Puustinen A, Wikström M
Helsinki Bioenergetics Group, Department of Medical Chemistry, Institute of Biomedical Sciences and Biocentrum Helsinki, P.O. Box 8, 00014 University of Helsinki, Helsinki, Finland.
Proc Natl Acad Sci U S A. 1999 Jan 5;96(1):35-7. doi: 10.1073/pnas.96.1.35.
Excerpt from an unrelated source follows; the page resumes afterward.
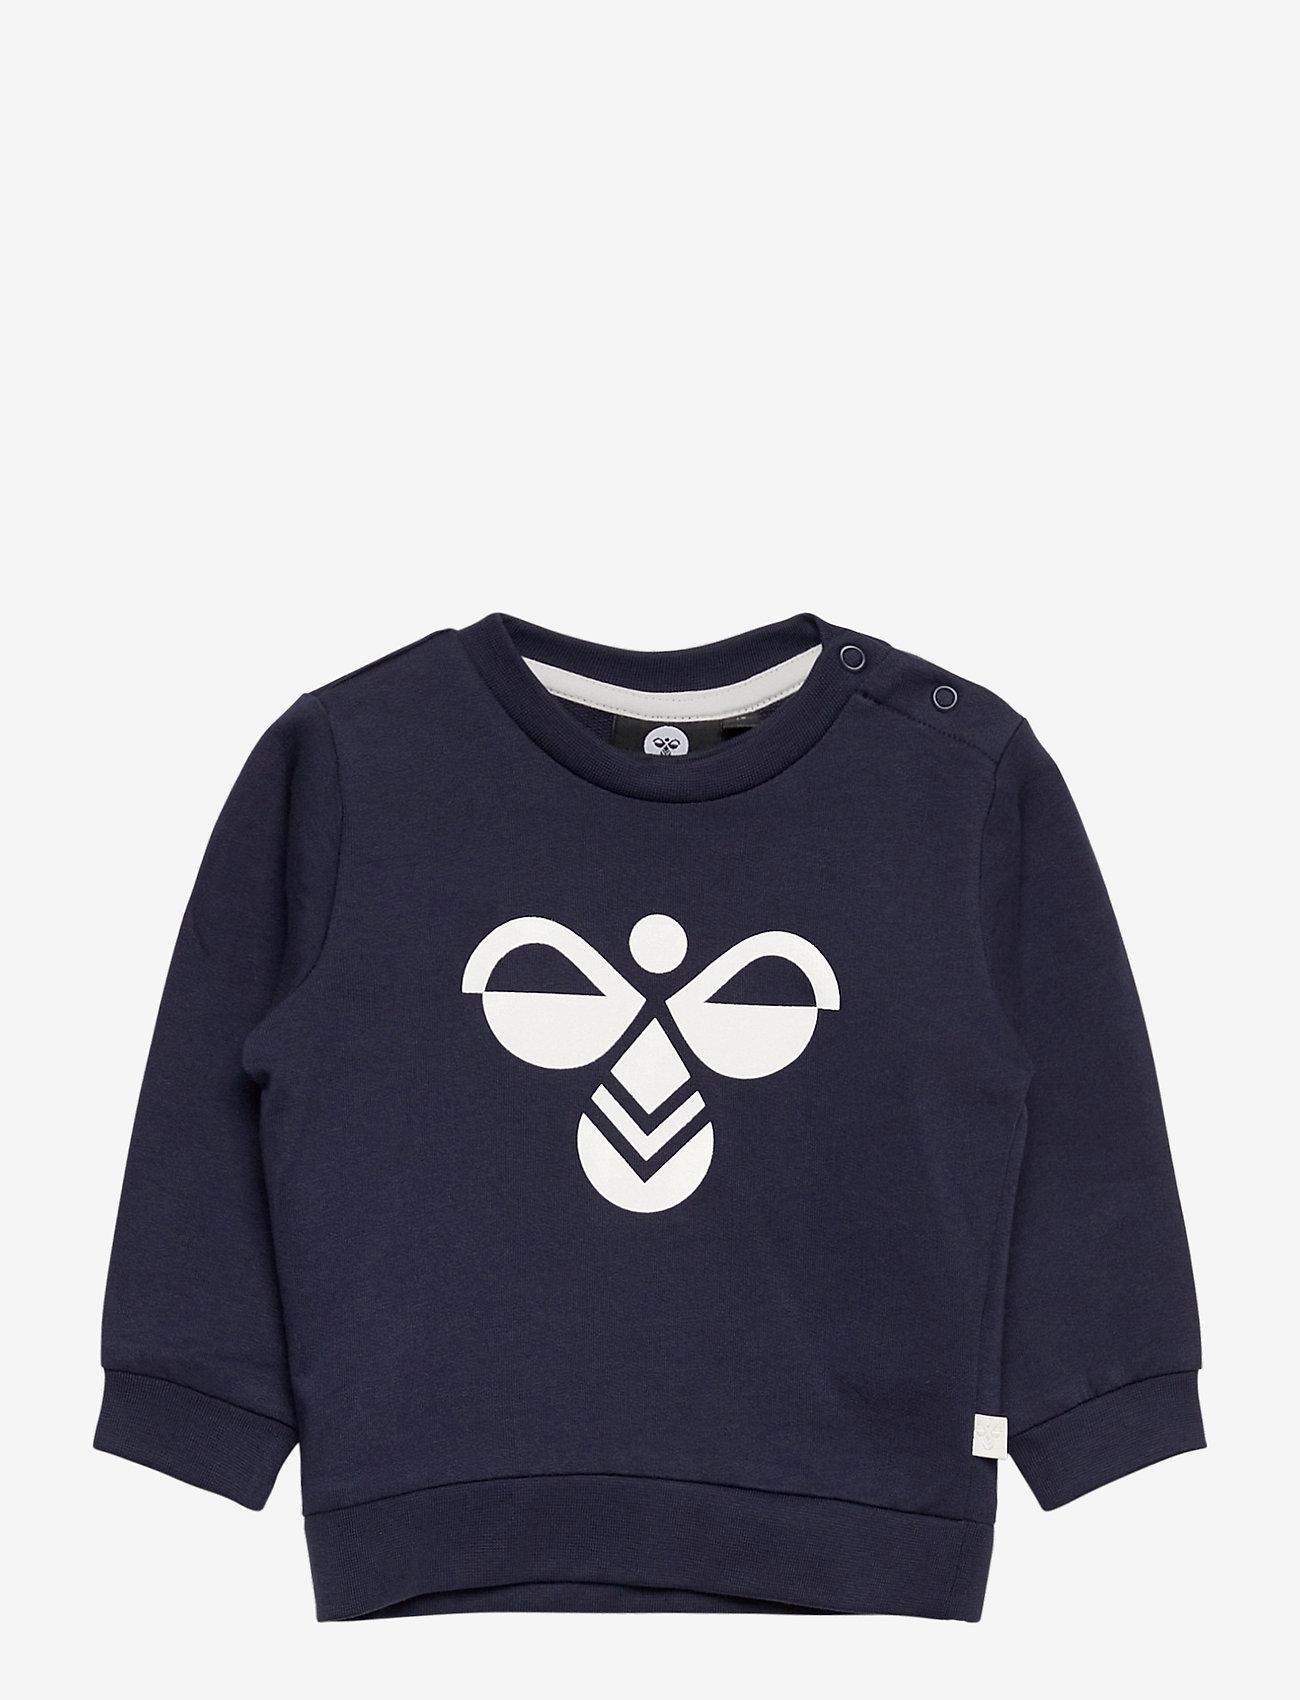 Hummel - hmlLEMON SWEATSHIRT - sweatshirts - black iris - 0

Pathways of proton entry have been identified in the proton-translocating heme-copper oxidases, but the proton exit pathway is unknown. Here we report experiments with cytochrome bo3 in Escherichia coli cells that may identify the beginning of the exit pathway. Systematic mutations of arginines 438 and 439 (R481 and R482 in the E. coli enzyme), numbering as in cytochrome aa3 from bovine heart mitochondria, which interact with the ring D propionates of the two heme groups, reveal that the D propionate of the oxygen-binding heme is involved in proton pumping; its anionic form must be stabilized in order for proton translocation to occur. This may locate the beginning of the pathway by which pumped protons exit from the enzyme structure.
质子进入的途径已在质子转运血红素铜氧化酶中得到确认,但质子输出途径尚不清楚。在此,我们报告了在大肠杆菌细胞中对细胞色素bo3进行的实验,这些实验可能确定了输出途径的起点。对精氨酸438和439(大肠杆菌酶中的R481和R482,编号参照牛心线粒体细胞色素aa3)进行系统突变,它们与两个血红素基团的D环丙酸酯相互作用,结果表明,氧结合血红素的D环丙酸酯参与质子泵浦;其阴离子形式必须稳定,质子转运才能发生。这可能确定了被泵浦的质子从酶结构中输出的途径的起点。